Symposia
Disaster Mental Health
Shannon Wiltsey Stirman, Ph.D.
Associate Professor/Acting Deputy Director
Stanford University
Menlo Park, California
Stefanie LoSavio, PhD
Clinical Associate
Duke University Medical Center
Durham, NC
Amber Calloway, Ph.D.
Research Associate
The Penn Collaborative for CBT and Implementation Science, Perelman School of Medicine, University of Pennsylvania
Philadelphia, Pennsylvania
Derrick Hull, PhD
VP of Clinical Research and Development
Talkspace
New York, New York
Katherine Dondanville, ph.D.
associate professor
University of Texas Health Science Center at San Antonio
san antonio, TX
The COVID-19 pandemic has exacerbated mental health challenges for trauma-exposed individuals due to increased isolation, insufficient capacity in the mental health workforce, and mental health impacts of the pandemic itself. There is a pressing need to increase treatment capacity for individuals with trauma-related mental health problems directly related to or exacerbated by the pandemic. Digital mental health (DMH) interventions for posttraumatic stress disorder (PTSD) address well-documented barriers to traditional in-person psychotherapy or telehealth delivery of evidence-based treatments (EBTs) for PTSD, but many consumers do not remain engaged. Acceptable, efficient, and engaging forms of EBTs may reach those who are less likely to access traditional psychotherapy or use online programs. Asynchronous texting therapy platforms can facilitate treatment engagement among those who seek discrete, convenient, and affordable support.

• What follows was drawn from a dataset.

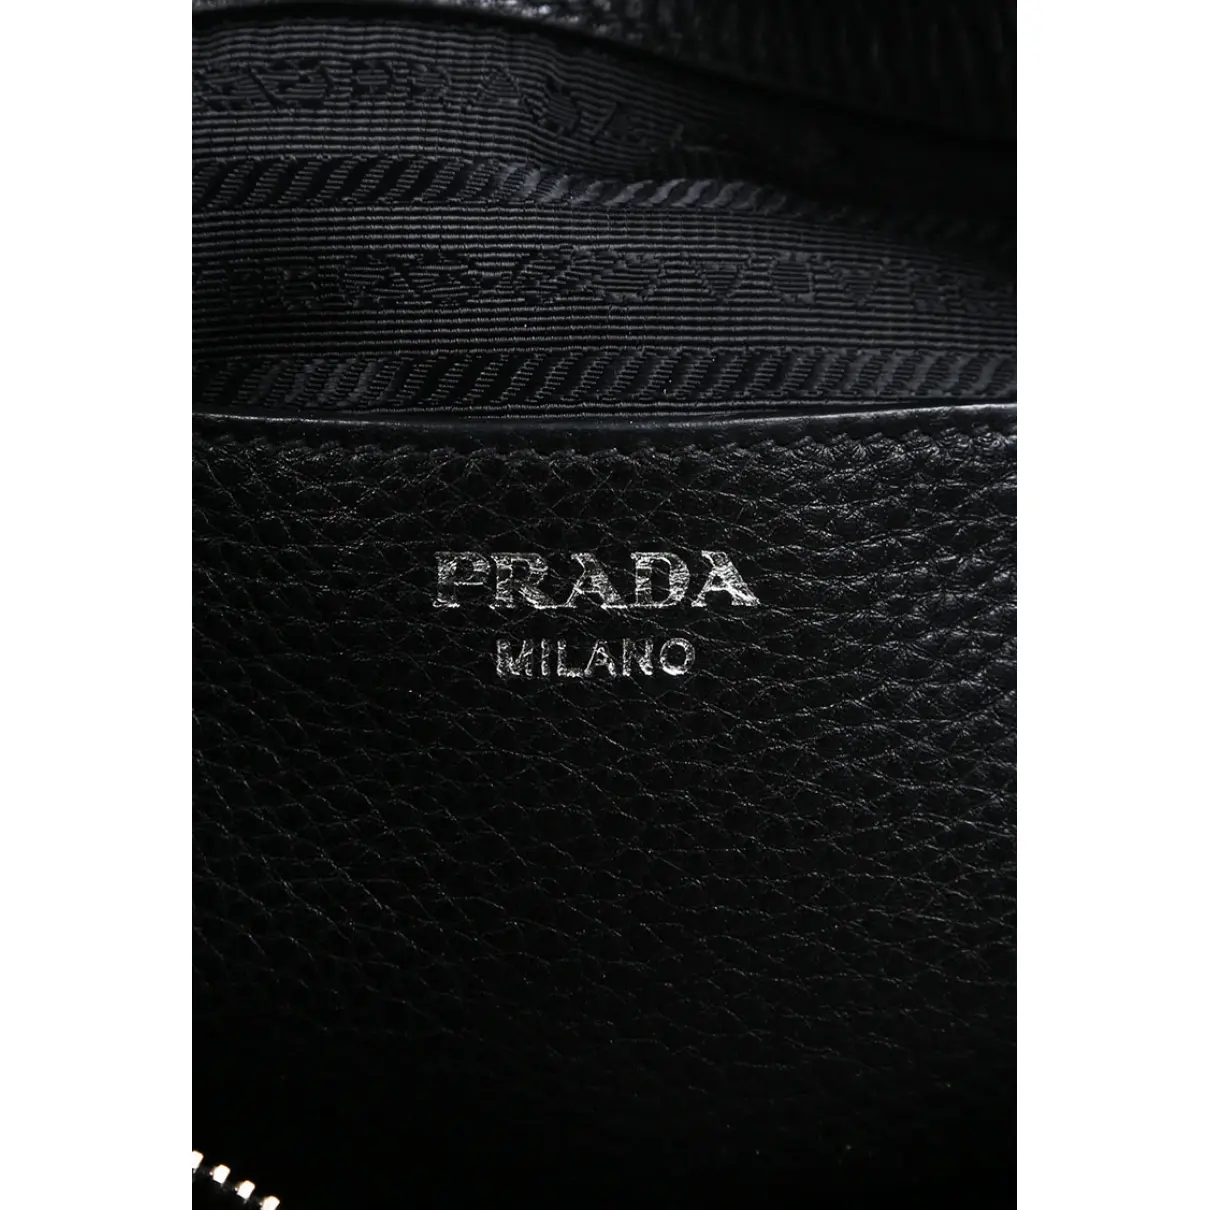 Leather shoulder bag Prada

We report on building traineed therapist capacity for a randomized, Hybrid Type 1, effectiveness-implementation trial with a factorial design to compare text-based therapies for PTSD utilizing the HIPAA-compliant secure texting platform. Participants (N= 400) who have PTSD receive Cognitive Processing Therapy-Text or Culturally-Informed Trauma Treatment via messaging. Participants will also be randomized into one of two engagement strategies: therapist reminder as usual (RAU) or RAU + retention incentive (RI). This study will provide critical information about how to promote sustained DMH engagement using unique incentive strategies and moderators of engagement and outcomes and offer first guidance on supporting quality and fidelity of messaging-based EBTs using human and automated fidelity assessment.
A key aspect of the first phase of the project is to build capacity to provide an evidence-based, trauma-focused intervention via asynchronous messaging. We have developed a strategy to transform a 6 month, 42 hour training for the face-to-face intervention into a more brief, largely asynchronous, simulation-based training. This talk will describe innovative, rapid, and scalable training methods for this format using simulated clients and other innovations. We will describe therapist-level outcomes including fidelity and ability to meet core competencies and share lessons learned in providing training, assessing fidelity and providing feedback for asynchronous evidence-based therapy.